“In the space of a single generation, Detroit managed to ruin itself,” is how Kevin D. Williamson opens What Doomed Detroit, his incisive look at the forces that led to the Motor City’s downfall.
The book, a volume of Encounter Broadside, is only 34 pages. Yet Williamson does more to explain what happened to Detroit than Charlie LeDuff did in 300 pages. LeDuff’s recent Detroit: An American Autopsy, does little to dissect the reasons behind the city’s fall (short of blaming bad leadership from city hall to Wall Street). LeDuff bewails Detroit like a mourner who cannot see through his tears. It is Williamson who takes up the scalpel and performs the required autopsy.

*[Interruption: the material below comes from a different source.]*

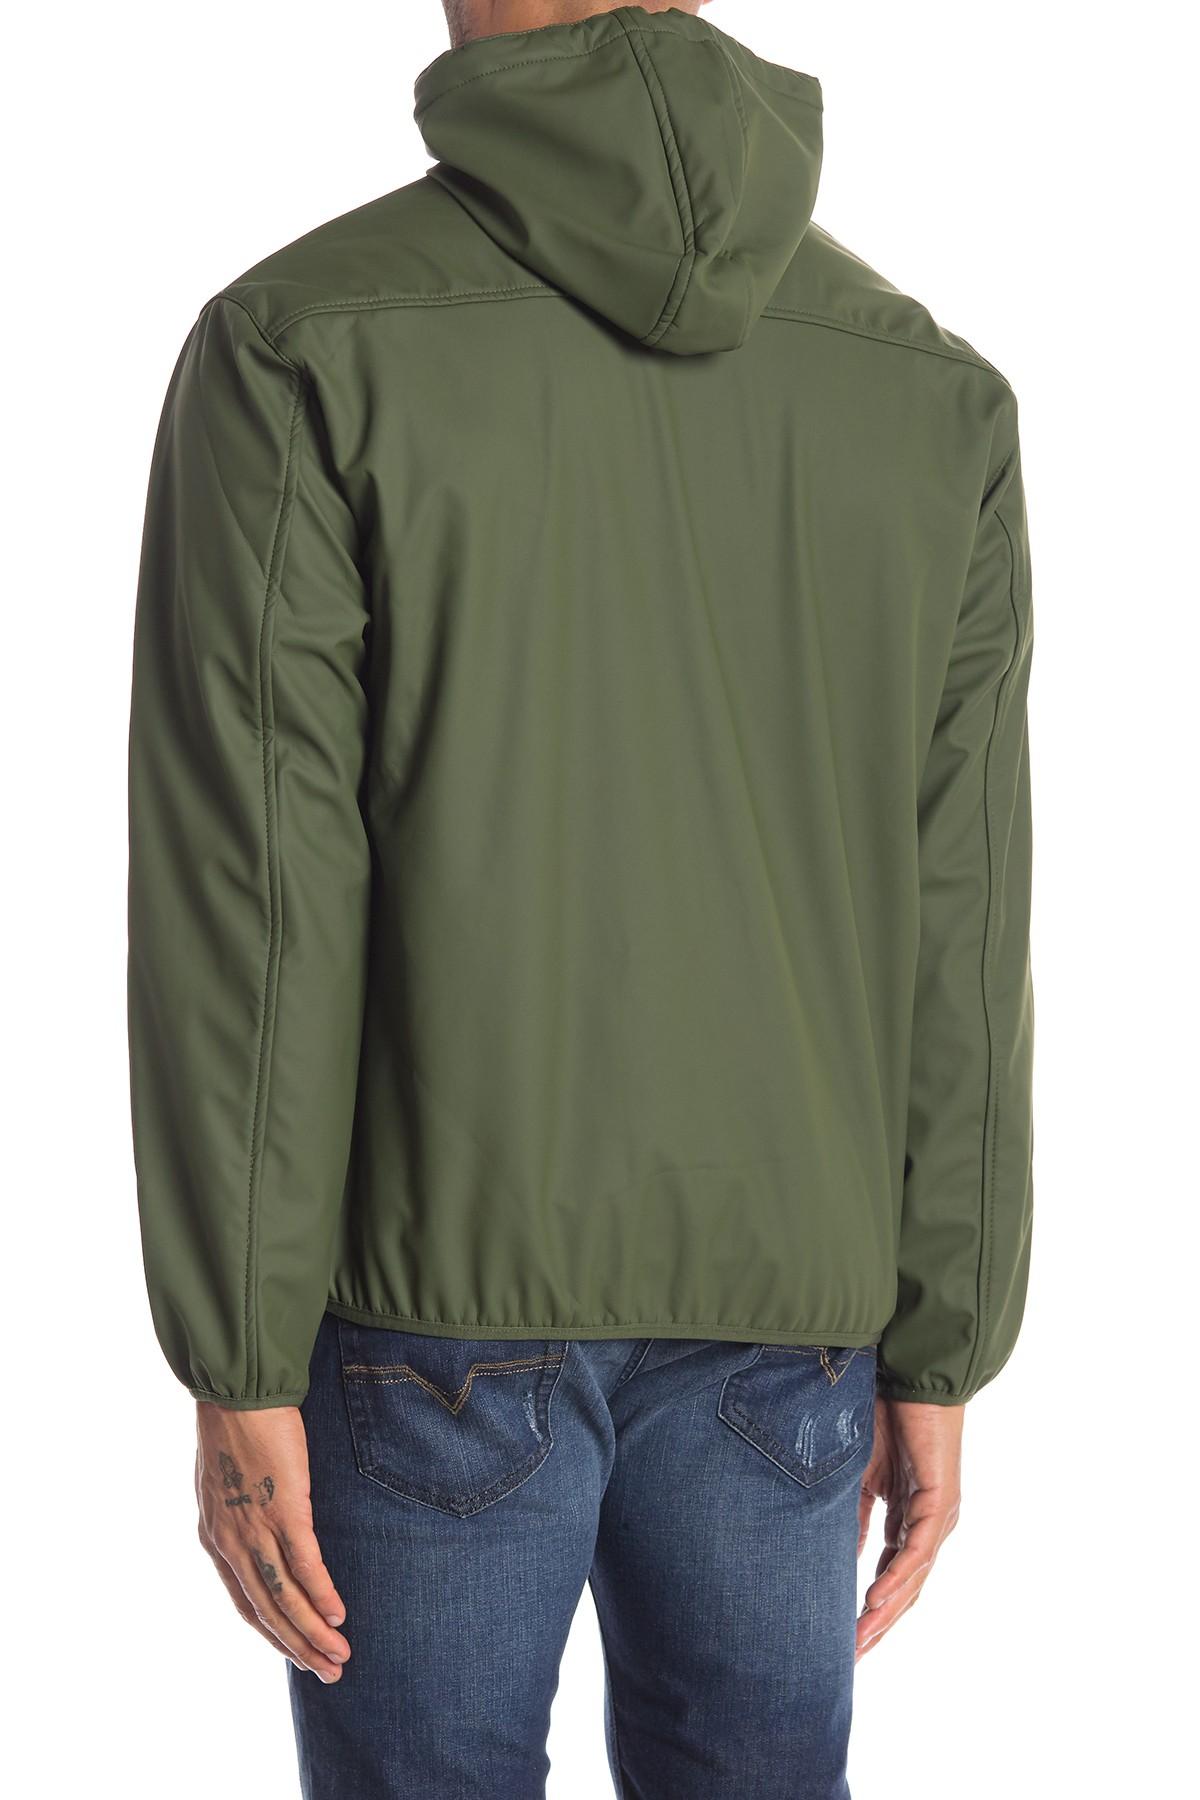 Weatherproof Fleece Lined Hooded Shirt Jacket in Green for Men - Lyst

Those familiar with Williamson’s writings in National Review know him as a gifted and witty writer.
In What Doomed Detroit, however, he leaves behind his customary levity. Detroit’s story is a hard one, and Williamson tells what happened without unnecessary flourishes.
Detroit is bankrupt and at least $20 billion in debt. Half its streetlights don’t work because thieves have made off with their copper wiring. More than 120,000 homes stand vacant. Bus drivers are afraid to drive its streets, and its murder rate is 11 times New York City’s. While the city has an official unemployment rate of 16 percent, its real unemployment rate is closer to 50 percent.